Platon’s Requiem BY ALEX AZAR

Peer out now into the moon-lit sky Of stoic centuries long gone by. Of wars filled with agonizing strife With lambs, sons, both taken to the knife

In anguish, set your eyes to the night And whimper at your mortal, fleeting sight. As light of nebulous novas near And strike your face, tormented tear.

Look on through the brass-covered glass Vain as is your earthly mass. In dire confusion, the glint of an eye, The piercing blaze, now gone, small as a fly.

The mystery of death you’ve only seen. Embarrassment, humiliation, gleaned. Mutilated flesh, merging into one, The dirt, the sky, after the setting sun.

Take your rest now from the worn and narrowed glass. Come join Mars’ prisoners, brutish and crass. Forget what wondering eyes have seen. Cease the search for the veiled cosmic sheen.

A man as round as earth toils on With whiskers uncut and teeth, many gone. Desultory flames illuminate his pockmarked skin, Its crevices and craters carrying desired sin.

The eyes on his sallow complexion Rest there easy, like planets of an infinite inflection.
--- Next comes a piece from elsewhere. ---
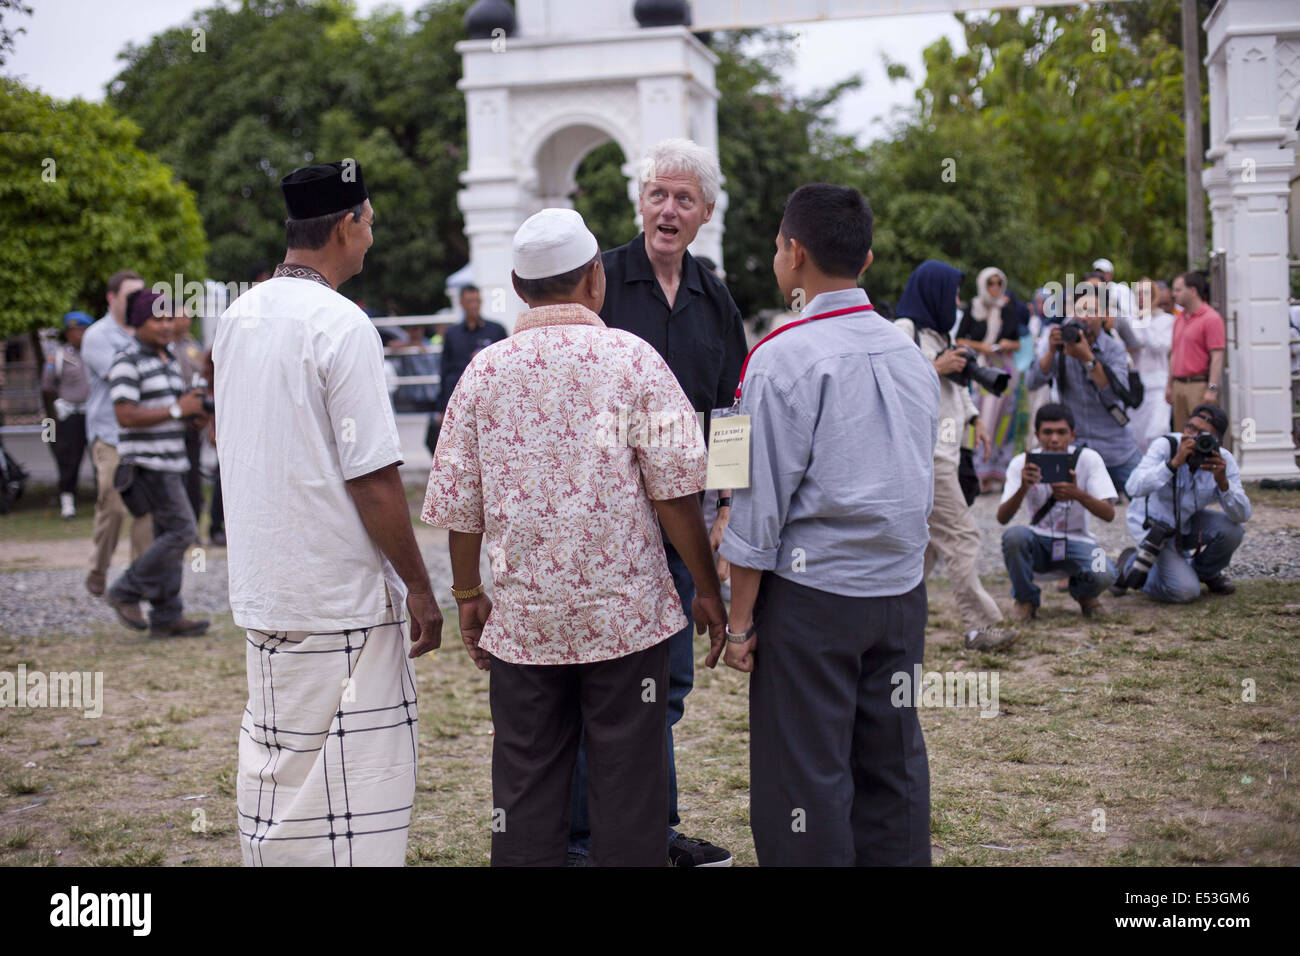 Aceh Besar, Aceh, Indonesia. 19th July, 2014. BILL CLINTON, former US President, talks with Lampuuk villagers during his visit in Aceh to see reconstruction progress after Tsunami on December 26th 2004.Aceh, a province in Indonesia, is the worst hit area during 2004 Tsunami. Around 221,000 people killed or missing. Credit:  Fauzan Ijazah/ZUMA Wire/Alamy Live News Stock Photo

Oblivious, they land on you And dwell no longer than they are due.

With expert hands, working assiduously in craft, And skills seemingly learned before his young brother’s draft, Watch him answer the questions posed by the starving shadows And turn this freezing night into his placid, loved meadows.

He laughs and shares a jolly word, One he had only learned, just then, that day, from a man of the third. It’s meaning elusive, it protrudes awkwardly from his tongue, And finds its mark with its singular purpose done. Spherical and whole the word fills it’s needed place And fills in the marks on this convalescing peasant’s face.

Like a draft of spring air After a short, violent, watery flair, Tacit meaning washes over your face, but you feel no dreadful need to give chase.

A new idea, though distantly known in your youth, Flutters up in your soul, an abundance of truth. ‘How have I been so obstinate’, you query, The peaceful orb responds, “ ‘ome sit, have f’ith, m’ deary”

The complexities of old dissipate as new snow melts. The ambiguities in goodness and life together smelts. And as this takes place this feverish peasant gives a yawn, For he knows for him, old Platon, it will soon be dawn.

As you drift off, into the regions of restful revery You understand the whole, the part as you were meant to see. Surrounded by a peace known only in your heart, As the world becomes singular, its tragedy, art.

He is here you now know, in the stars in the sky, In the face of this smiling old man soon to die.

In the blissful, whispering fields of rye, In the face-down drummer boy, no longer living shy.

In the mindless jokes and banter of camp, In the once-quiet dirt roads, now strangely quite damp.

In the bullets that grazed your sunken shoulder, In the burning of villages, reduced to a smolder.

And as you reach the temporary border Of life and death, See the simplicity in the order And the goodness in breath.